Debt Situation: The company maintains a relatively high gearing ratio (approximately 77% in recent reports), which is characteristic of the capital-intensive infrastructure industry. However, management has been actively restructuring debt to reduce financing costs.
Is the current valuation of 3638.HK high? How do its P/E and P/B ratios compare to the industry?
As of early 2024, Hunlicar Group Limited often trades at a Price-to-Earnings (P/E) ratio in the range of 8x to 11x, which is generally in line with or slightly lower than the average for small-cap toll road operators. Its Price-to-Book (P/B) ratio typically hovers around 0.6x to 0.8x, suggesting the stock may be undervalued relative to its net assets. Investors should note that the valuation is influenced by the remaining concession periods of its toll road assets.

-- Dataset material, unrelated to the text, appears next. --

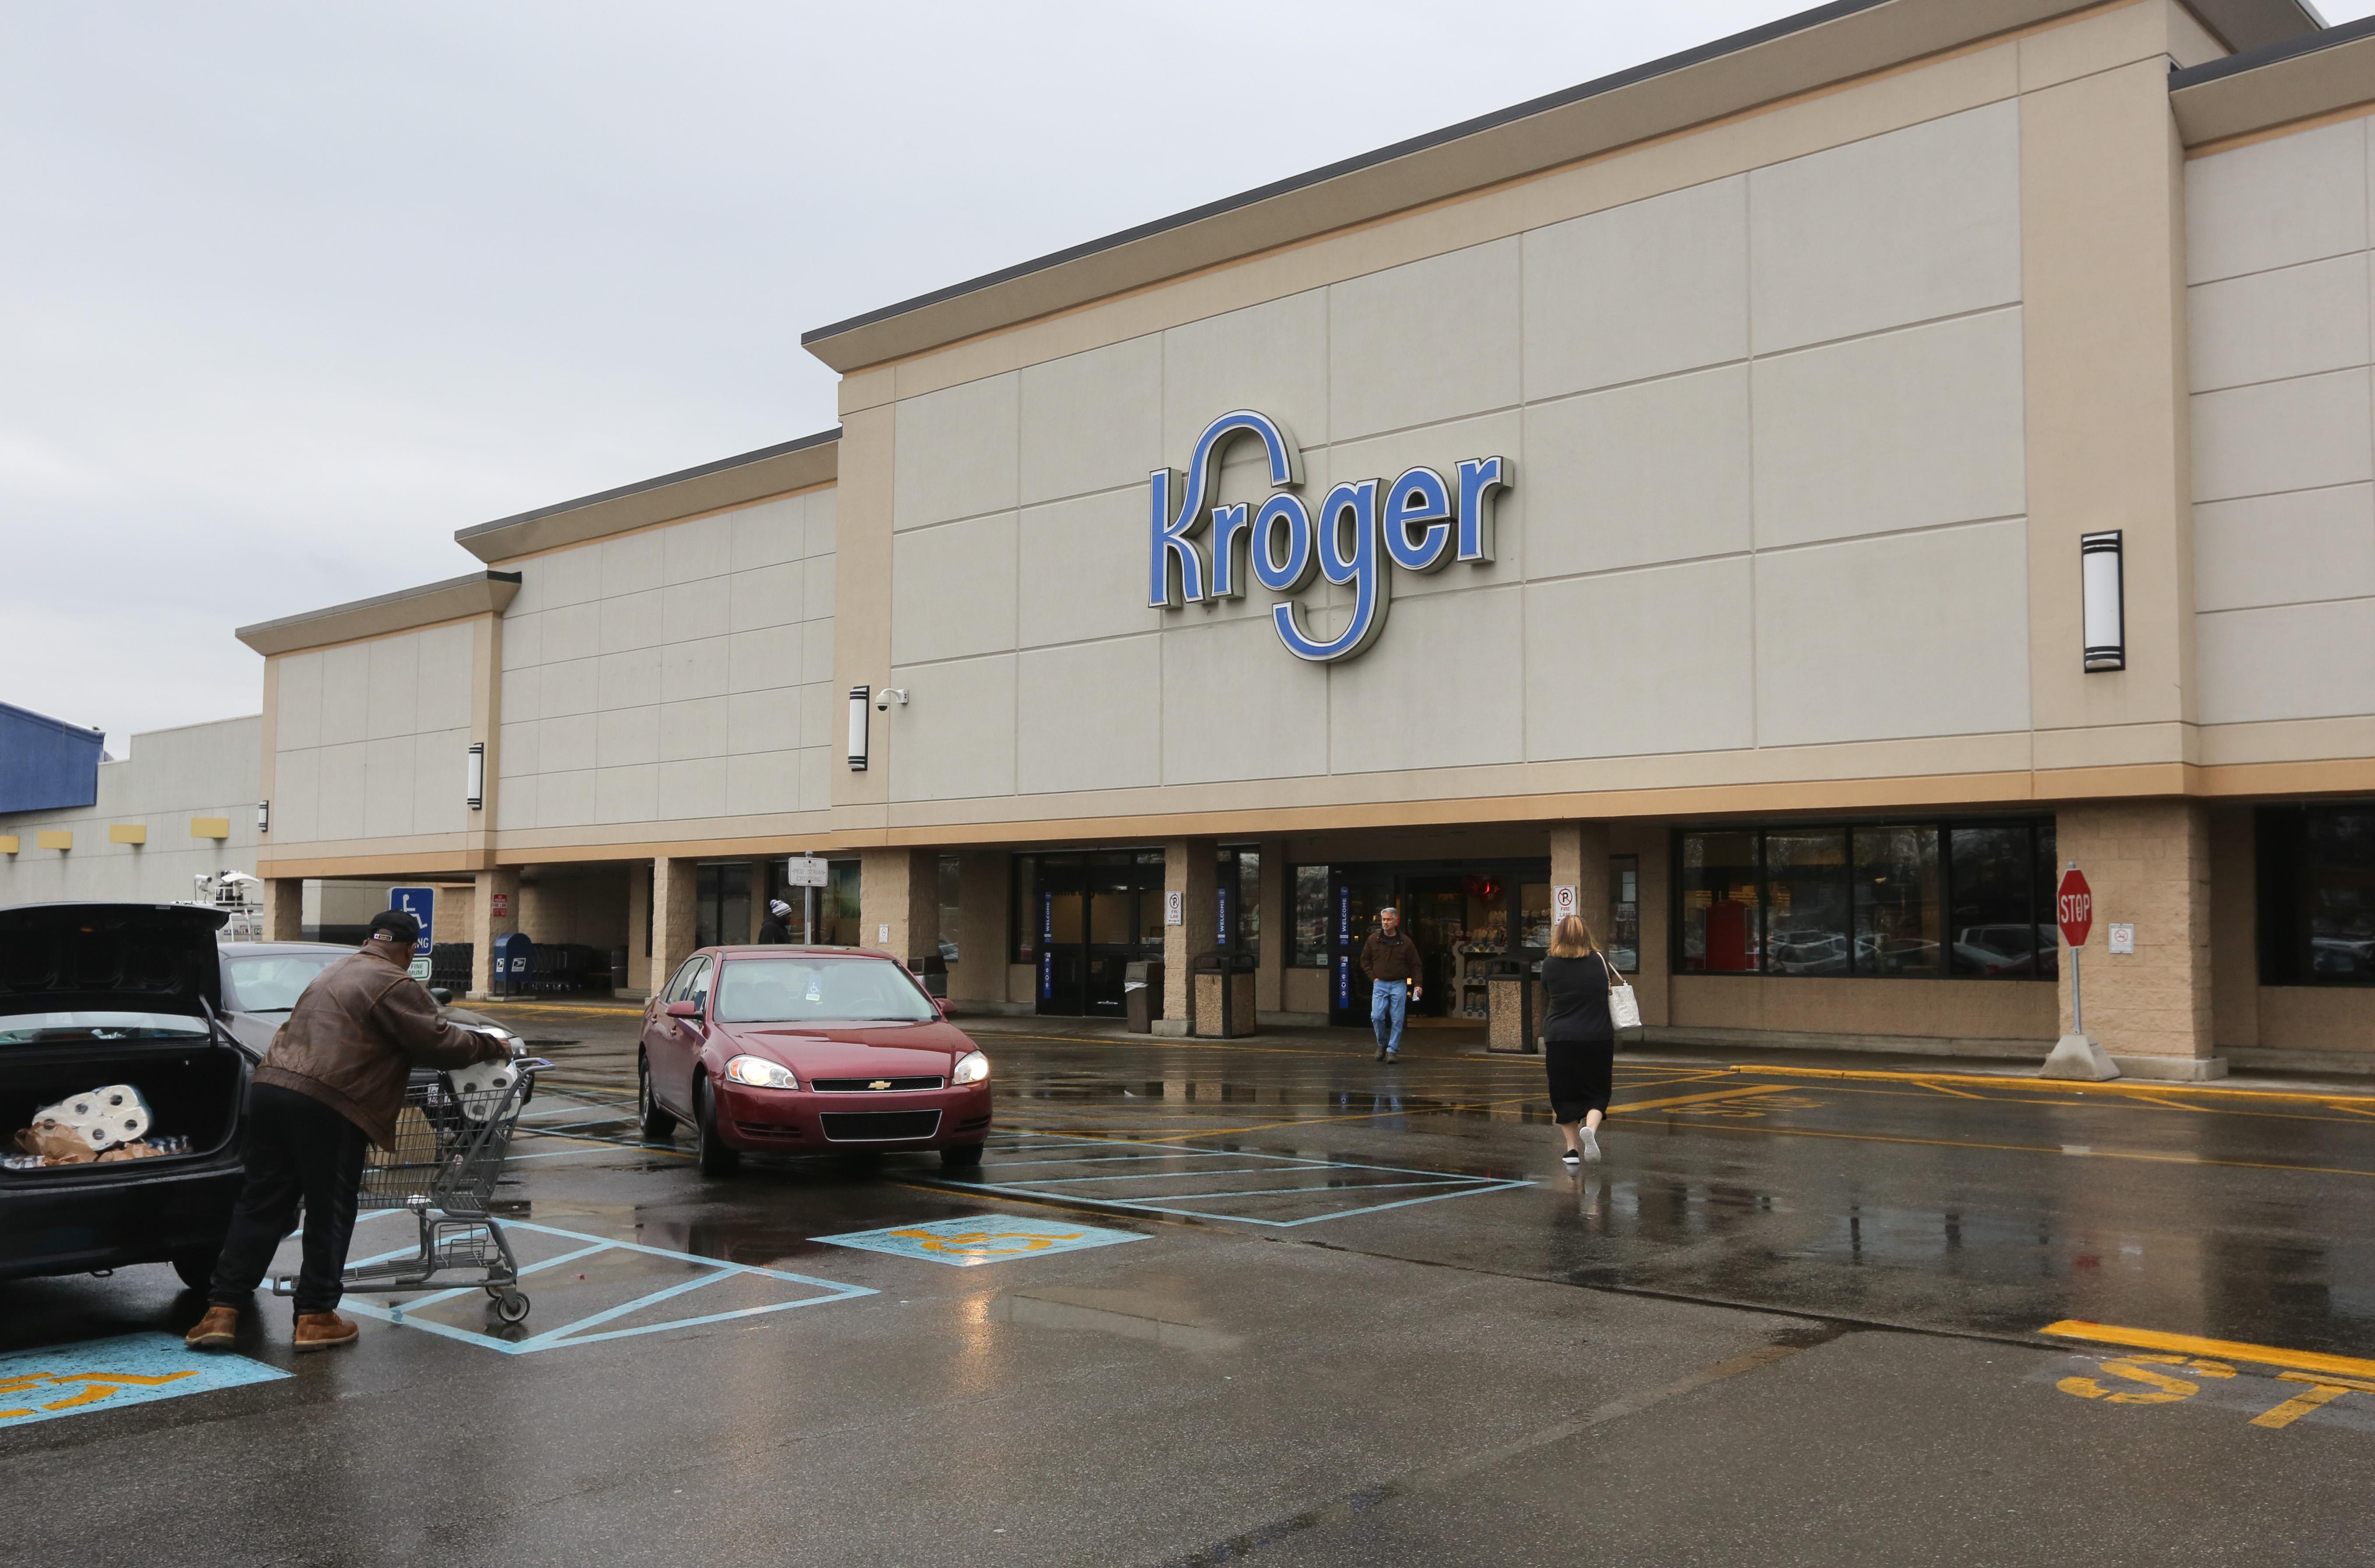 kroger gets go-ahead for bigger store in west toledo

How has the stock price of 3638.HK performed over the past year compared to its peers?
Over the past 12 months, Hunlicar's stock price has experienced moderate volatility. While it has benefited from the post-pandemic recovery in traffic volume in China, it has occasionally underperformed larger peers like Jiangsu Expressway due to lower liquidity and its smaller market capitalization. The transition and renaming to "Hunlicar" have introduced some speculative interest regarding its new business ventures in energy and spirits trading.
Are there any recent favorable or unfavorable news items for the industry?
Favorable: The Chinese government’s continued emphasis on infrastructure connectivity and the recovery of domestic logistics and travel have bolstered toll revenue.
Unfavorable: The industry faces long-term risks from the toll-free policy during major holidays and the gradual expiration of concession rights. For Hunlicar specifically, the fluctuations in the global energy market can impact the margins of its newer coal product trading segment.
Have any major institutions recently bought or sold Hunlicar Group Limited (3638.HK) shares?
The shareholding structure of Hunlicar is relatively concentrated. The controlling shareholder, Velocity International Investment Limited, maintains a dominant stake. While there has not been significant recent "mega-cap" institutional buying (like BlackRock or Vanguard) reported in massive volumes, the stock sees occasional activity from private equity and regional asset managers focused on high-yield infrastructure plays. Investors are advised to monitor HKEX Disclosure of Interests for any changes exceeding the 5% threshold.